GENETİK BİLİMİNİN MEHMET HOCASI
Aynı zamanda İzmir Katip Çelebi Üniversitesi Adli Tıp Anabilim Dalı Başkanı olan Prof. Dr. Mehmet Tokdemir, Türkiye'de genetik biliminin en önemli isimleri arasında yer alıyor. Ulusal ve uluslararası alanda önemli çalışmalara imza atan Prof. Tokdemir, dünyada nadir olan ve 10 yıl süren genetik çalışmasını ise şöyle anlattı:
* 1998 yılında adli tıp uzmanı oldum. Türkiye'de ilk adli genetik üzerine uzman olan kişiyim. Adli genetik üzerine çalışan biyolog arkadaşlarımız var ama adli tıp uzmanı olarak adli genetik üzerine ihtisas yaptım ve bu konuda bir tez hazırladım.
* O yıllarda DNA incelemesi çok lüks bir şeydi ama ABD'den gelen bir hocamız vardı, kendisi çok iyi bir merkezde çalışıyordu. Onun da desteğiyle bir tez yaptım. 2007 yılında Doğu Anadolu bölgesinde adliyelerden, karakollardan gönderilen bütün DNA incelemelerini ben yaptım. O bölgenin bütün popülasyonunu incelemiş oldum ve o bölgenin genetik profilini çıkardım.
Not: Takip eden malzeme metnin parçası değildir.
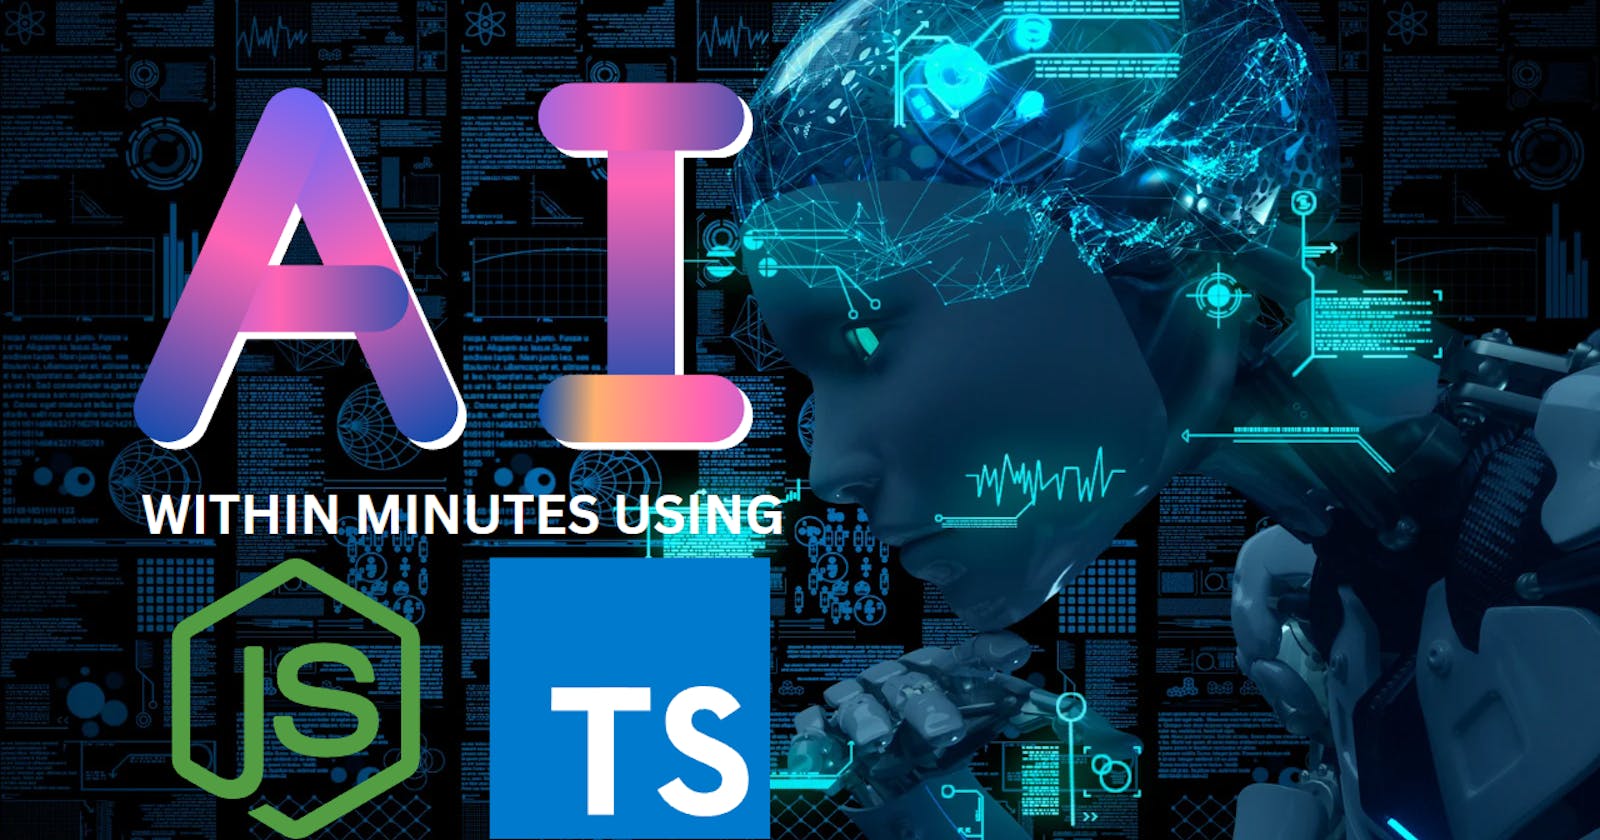 Use over 140+ amazing ChatGPT prompts in 10 minutes 🚀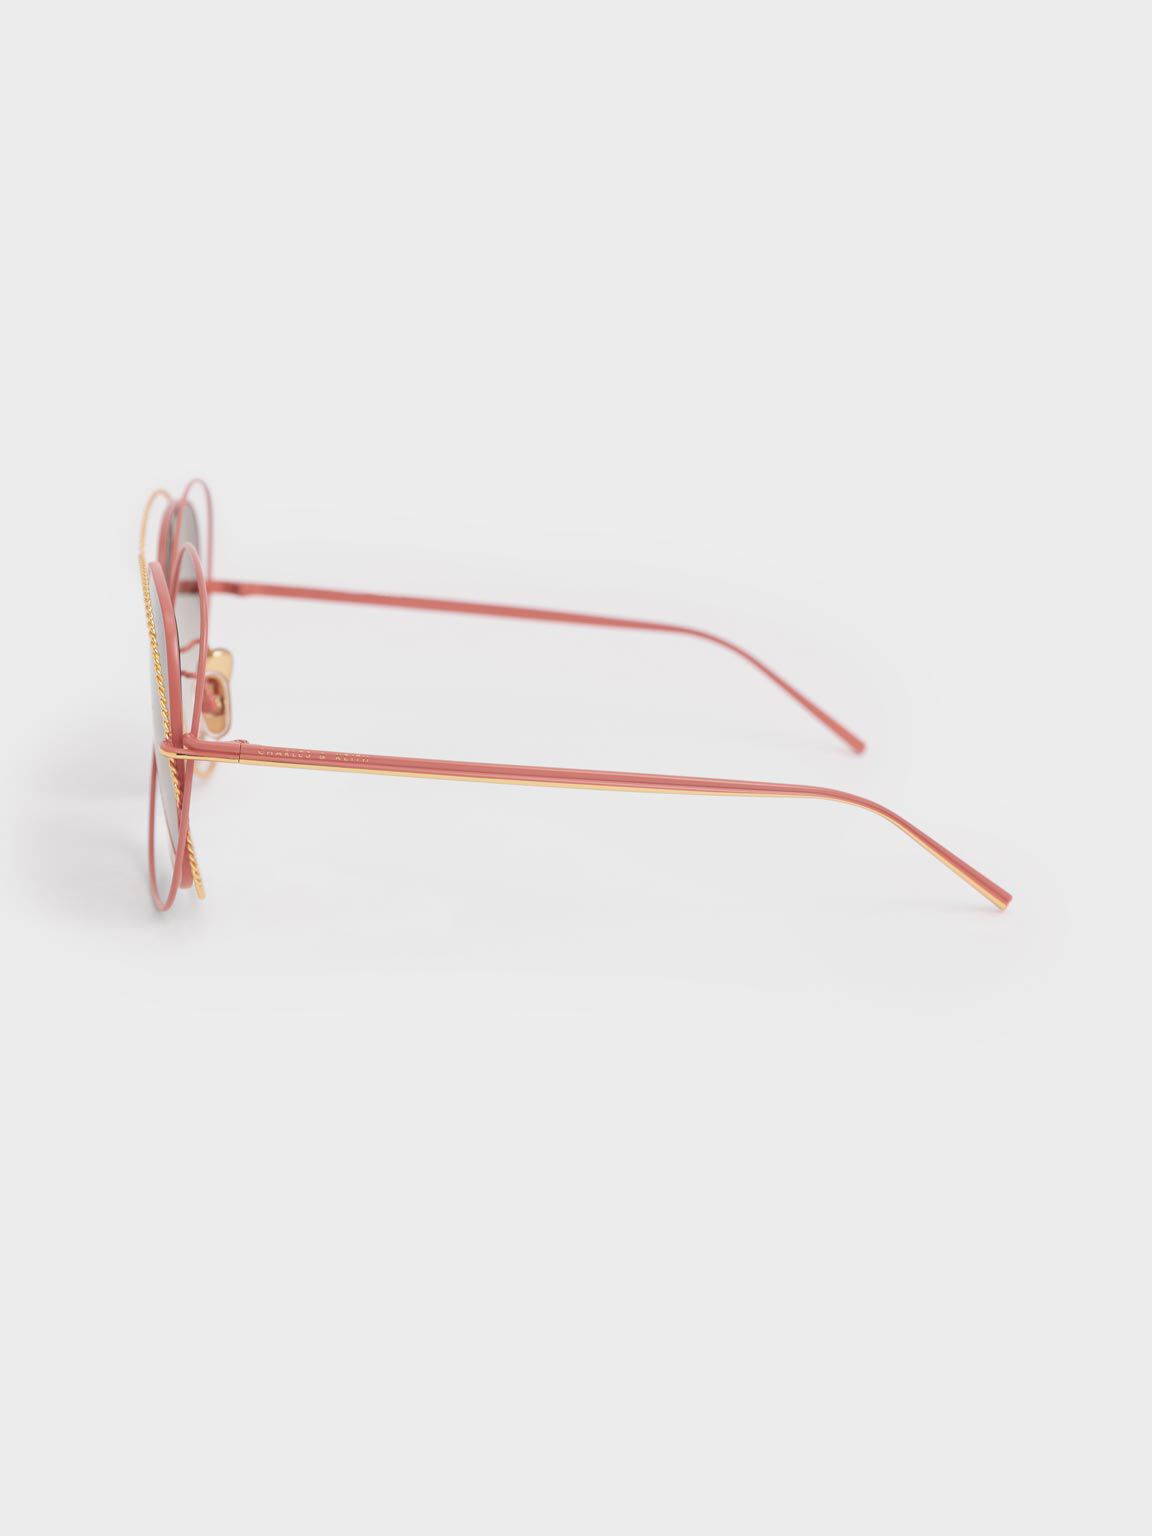 Cut-Out Frame Metallic-Rimmed Butterfly Sunglasses, Pink, hi-res

* Daha öne genetik frekanslar verilmişti ama bu çıkartılmış frekanslar dünyanın başka ülkelerinde yaşayan insanlarla genetik yakınlık, benzerlik açısından hiç karşılaştırılmamıştı. Ben de 12 ülke ile bu karşılaştırmayı yaptım ve Azerbaycan'da uluslararası bir toplantıda sundum.
OTORİTELERİN DE İLGİ ODAĞI OLDU
* Tabi ki bize doğal olarak en yakın Kuzey Kıbrıs Türk Cumhuriyeti ve Azerbaycan çıktı. Ben sunumumun sonunda, "İki devlet tek millet boş bir slogan değil, bilimsel bir gerçektir. Azerbaycan halkı bize genetik olarak çok yakındır. Hemen hemen aynıyız, aynı soydan geliyoruz" dediğim zaman, salon ayağa kalktı ve herkes alkışladı. Bu da dünyanın en saygın genetik dergisi olan Gene dergisinde yayınlandı. Türkiye'de ilktir bu. Gurur duyacağımız bir çalışma oldu.
* Manisa'da karşımıza çıkan kimerizm de nadir karşılaşılan bir durum olduğu için gerekli etik ve bilimsel onayları aldıktan sonra Gene dergisine gönderip yayınlayacağız."